The column by Melissa Trussell asserted that markets are adapting to include previously ignored environmental factors, as indicated by the emergence of “carbon credits.”

While seemingly a promising development, evidence suggests that carbon-offset benefits are grossly overrated. Aggressive political actions are vital to achieving the timely policy transformation required to prevent the worst impacts of the rapidly escalating climate crisis.

A few reasons explaining the difficulty of this endeavor should be considered:

New oil-drilling, coal-mining, and fracking continue being permitted, some of it on public lands. Even if proposed moratoriums are adopted to prohibit these activities on federal lands, unless other reforms are passed, federal tax-policies will still subsidize them, at some $20 billion a year.

Under various state laws, including Georgia’s, energy-producers are guaranteed profits — on all expenditures, including enormous excess costs, regardless of related carbon emissions. These policies not only reward negligence, but they shift cost overruns onto residential customers.

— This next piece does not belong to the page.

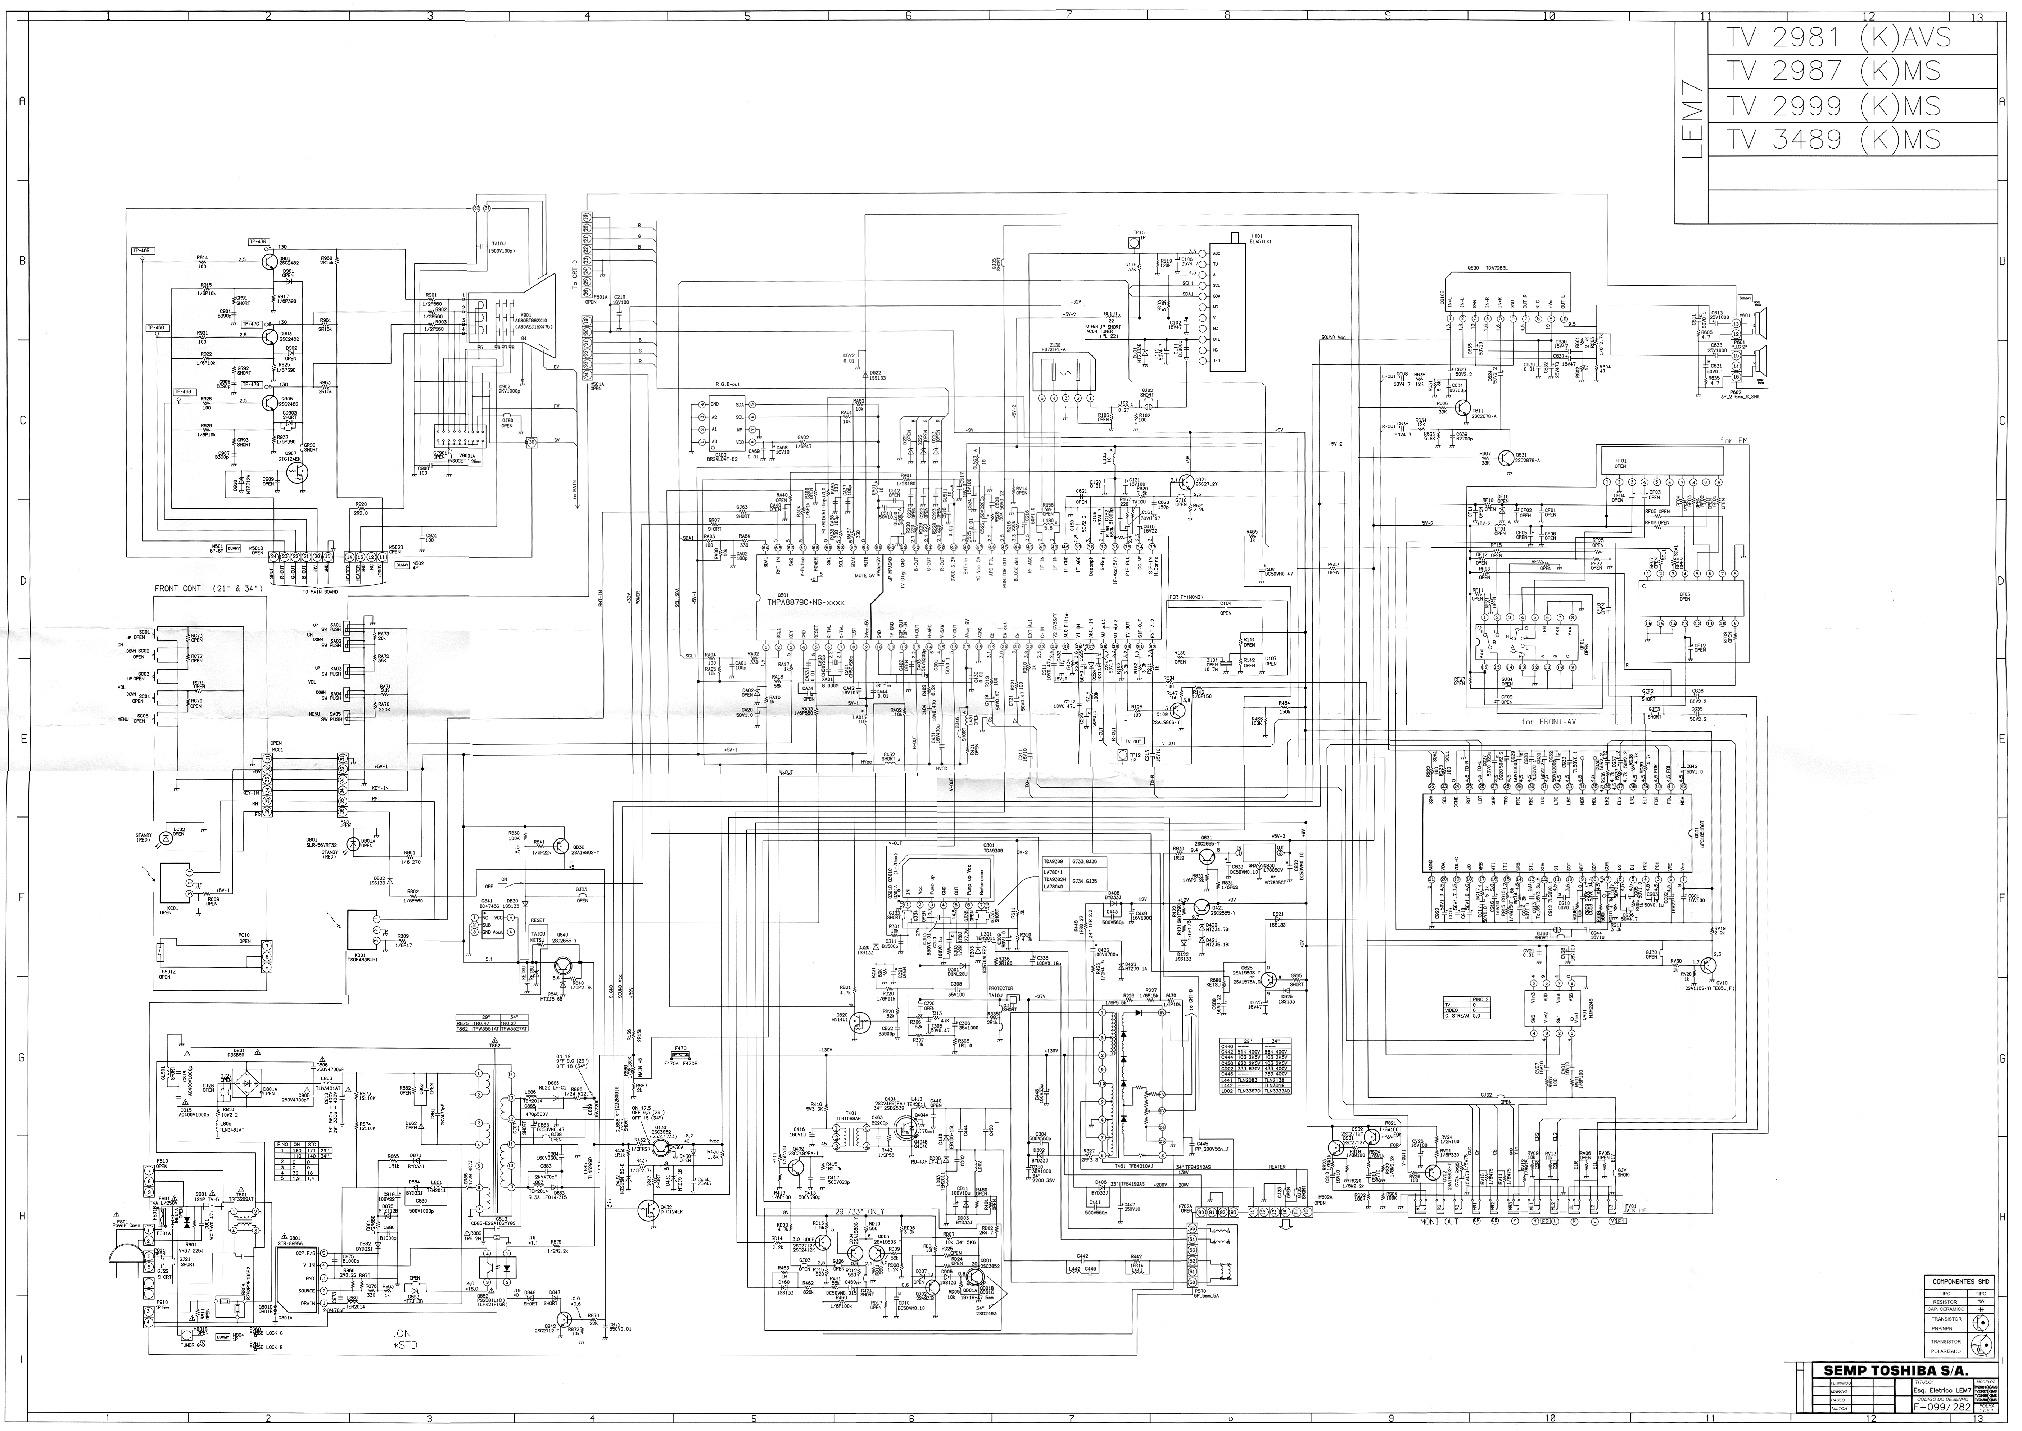 Toshiba Toshiba LEM7 pdf Diagramas de Televisores Lcd y
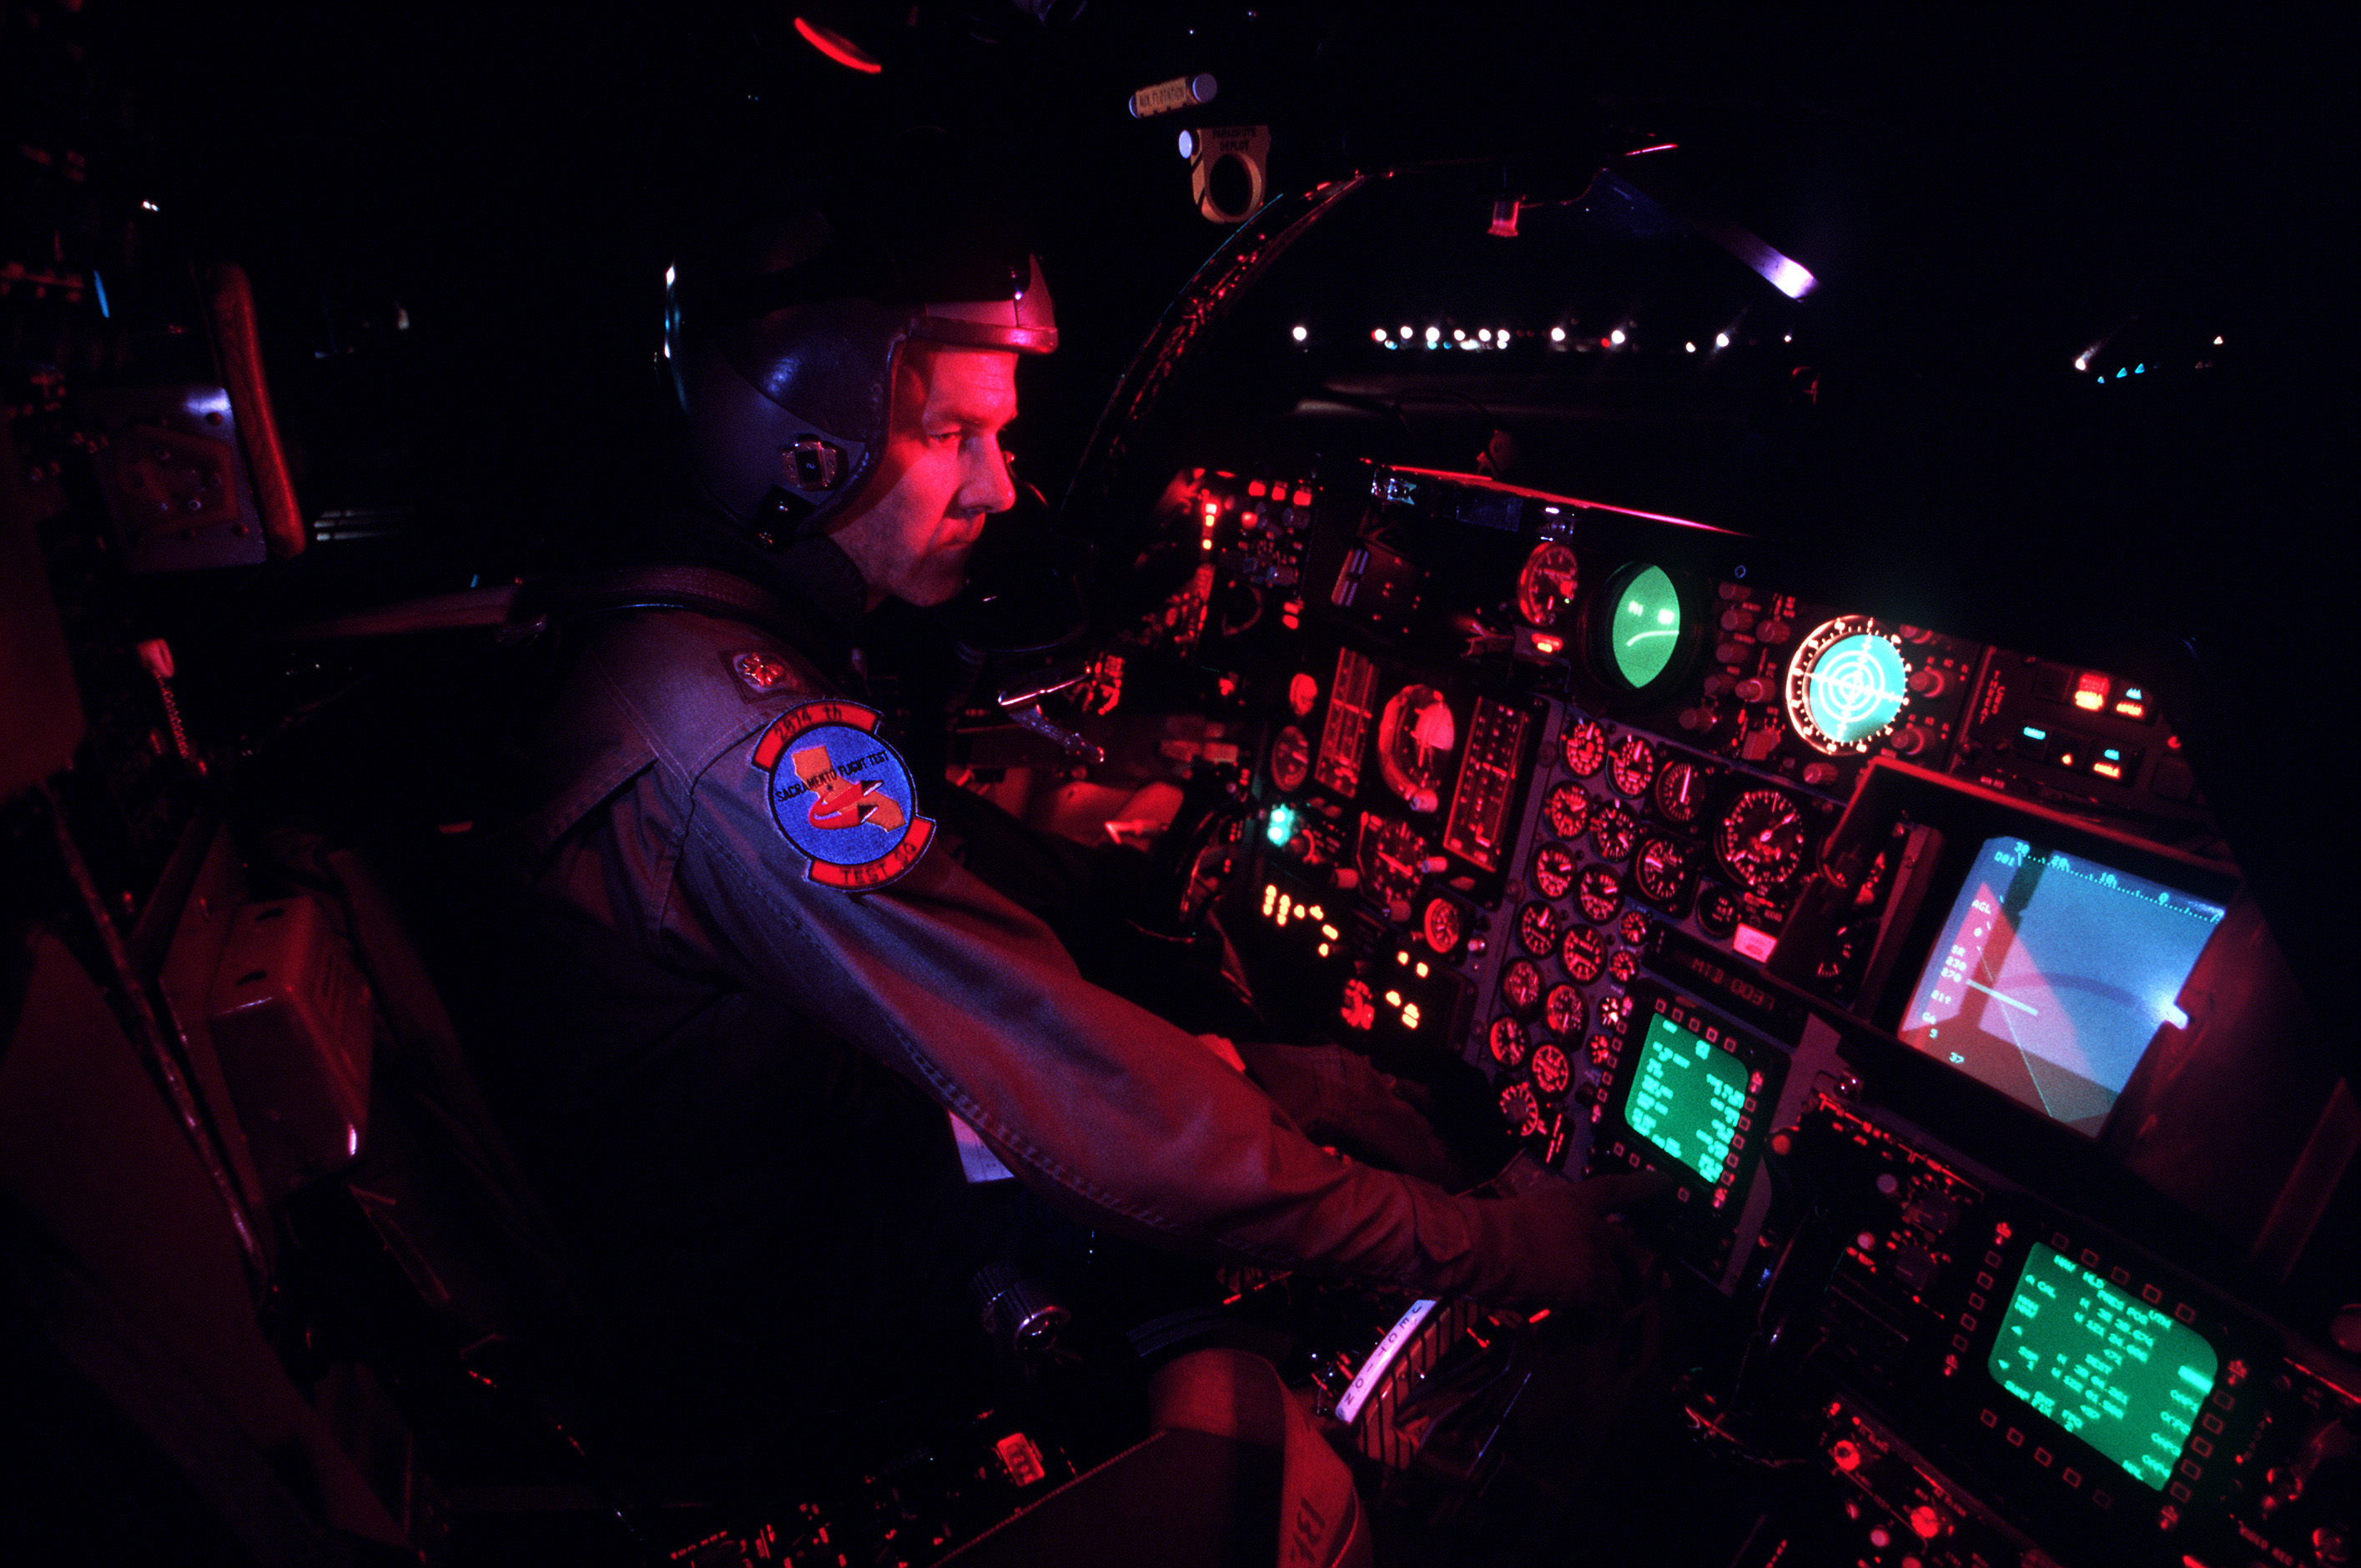 File:F-111 Night Cockpit.jpg - Wikimedia Commons

Though there are increasing options for earning income by protecting carbon-capturing forests intact rather than cutting them, Georgia remains one of the nation’s most ravenous clear-cutting states. Worse yet, a rapidly growing market for Georgia’s timber-industry is wood-pellets, a product created to burn, releasing more carbon emissions than fossil fuels. Georgia’s five pellet plants themselves release about 500 tons of airborne particulates yearly, endangering the health of thousands.

Powerful vested interests thwart market adjustments supporting life-sustaining environmental policy. Georgia voters must be encouraged to demand fundamental reforms and elect officials who can be counted on to deliver them.